What I want to do is extract the url under the 'name' parameter so my end result will be:

http://www.mysite.com/products/phone.jsp

Can I do this with a so called XML parser? I have no idea where to begin. Can someone steer me to a direction. What tools do I need to achieve something like that?

I am particularly interested in doing this with PHP.

Obi-Wan
  • 101
  • 1
  • 8

2 Answers2

1

It should be easy to append a path to an existing URL and expected resource type given the above basic XML.

If you are comfortable with C#, and you know there is one and only one "definition" element, here is a self contained little program that does what you require (and assumes you are loading the XML from a string):

using System;
using System.Xml;

public class parseXml
{
    private const string myDomain = "http://www.mysite.com/";
    private const string myExtension = ".jsp";

    public static void Main()
    {
        string xmlString = "<definition name='/products/phone' path='/main/something.jsp'> </definition>";

        XmlDocument doc = new XmlDocument();

        doc.LoadXml(xmlString);

        string fqdn =   myDomain +
                        doc.DocumentElement.SelectSingleNode("//definition").Attributes["name"].ToString() +
                        myExtension;

        Console.WriteLine("Original XML: {0}\nResultant FQDN: {1}", xmlString, fqdn);
    }
}

You are going to need to be careful with SelectSingleNode above; the XPath expression assumes there is only one "definition" node and that you are searching from the document root.
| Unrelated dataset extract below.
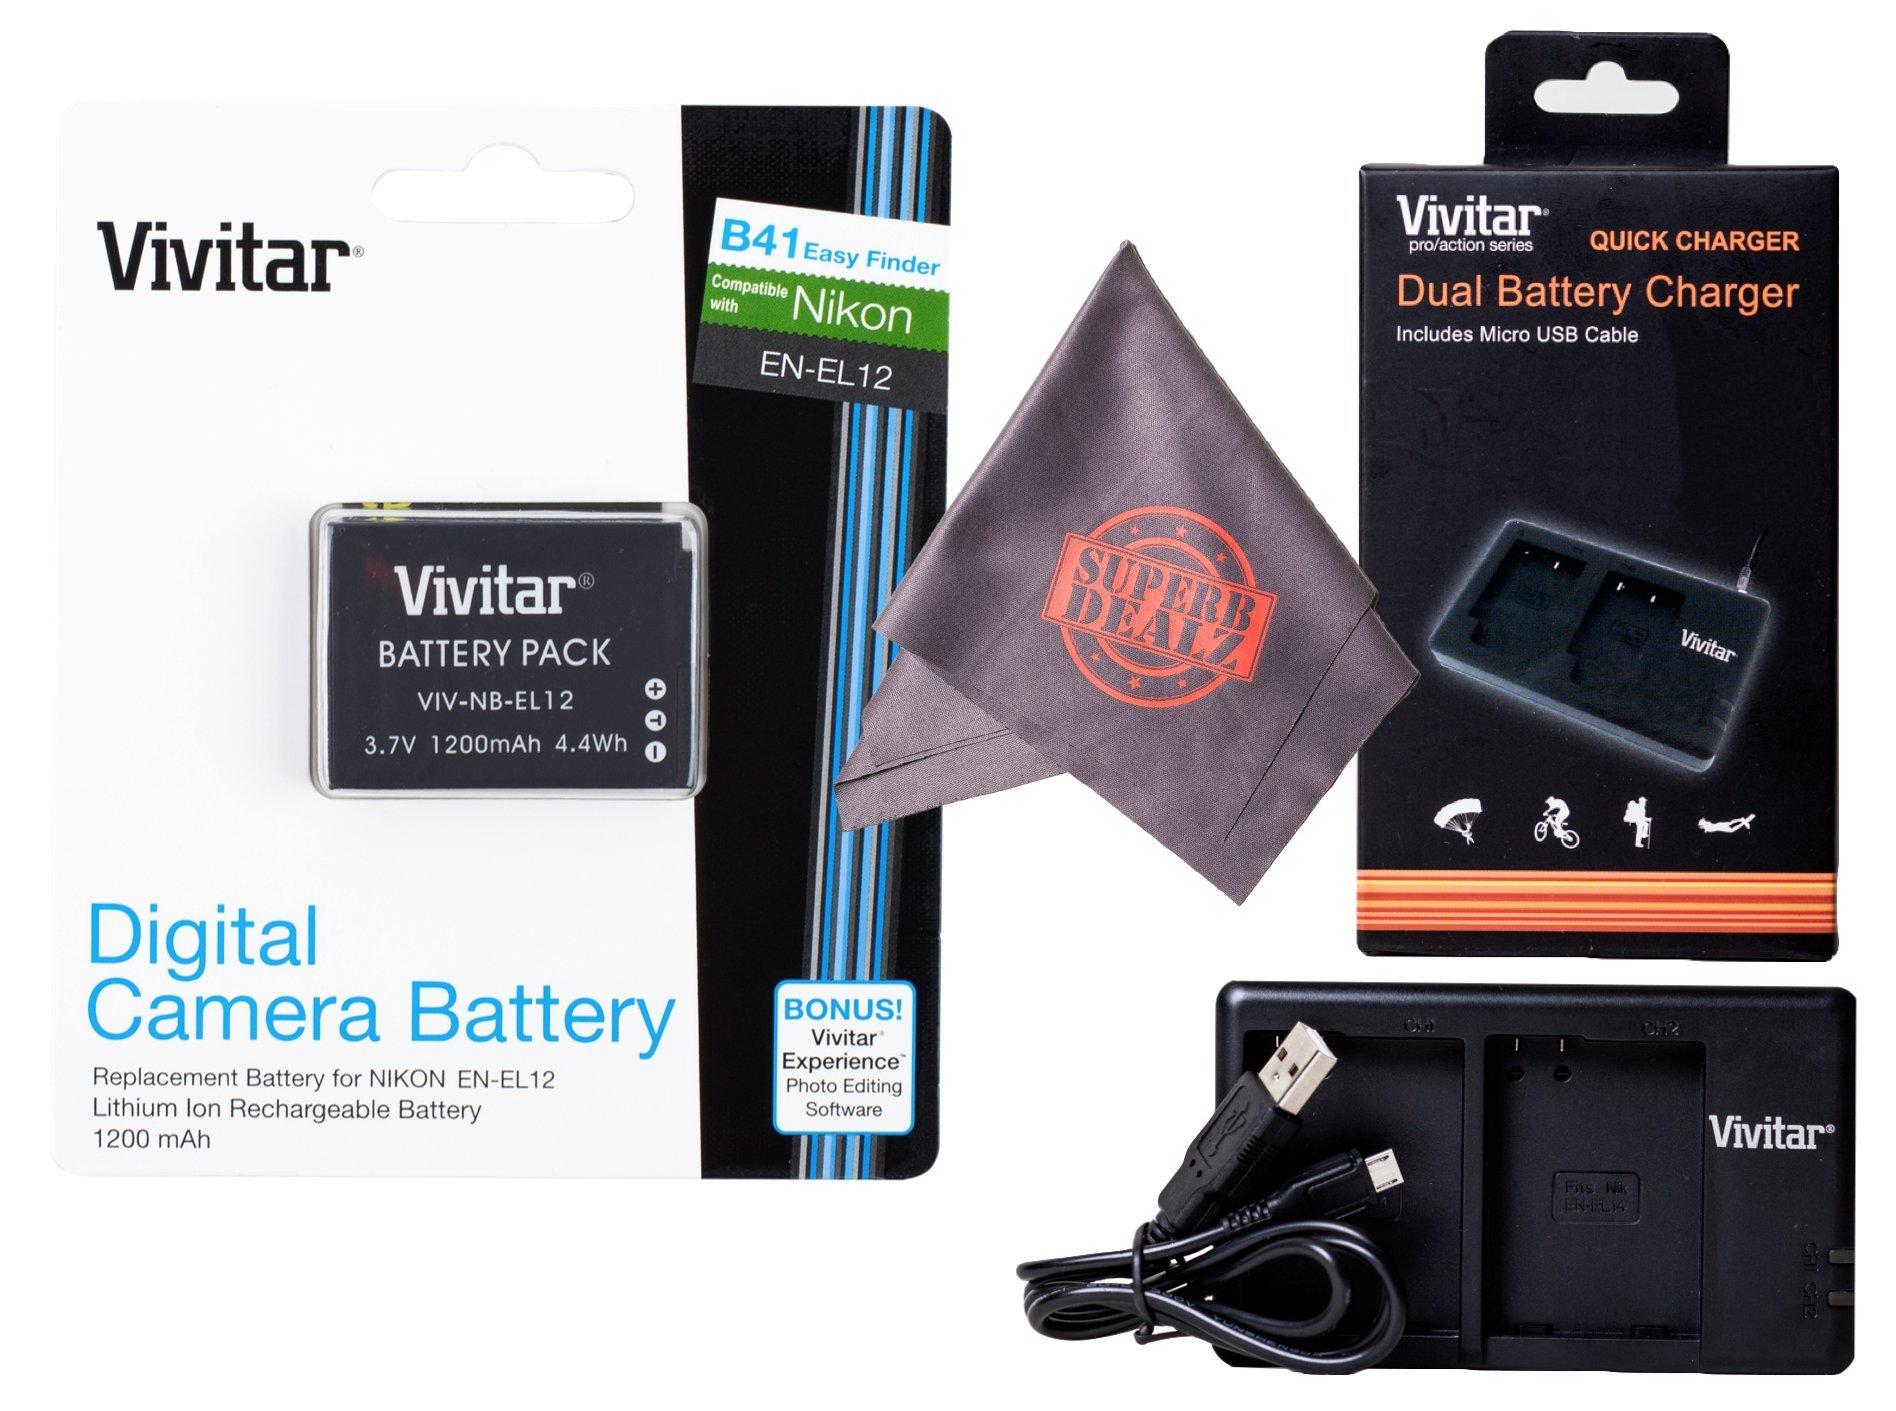 Vivitar EN-EL12 Ultra High Capacity Rechargeable 1200mAh Li-ion Battery + Vivitar Dual Charger + Microfiber Lens Cleaning Cloth for NIKON Coolpix Cameras (Nikon EN-EL12 Replacement)

Fundamentally, it's worthwhile to read a primer on XML. Xml is not difficult, it's a self describing hierarchical data format - lots of nested text, angle brackets, and quotation marks :).

A good primer would probably be that at the W3 Schools: http://www.w3schools.com/xml/xml_whatis.asp

You may also want to read up on streaming (SAX/StreamReader) vs. loading (DOM/XmlDocument) Xml: What is the difference between SAX and DOM?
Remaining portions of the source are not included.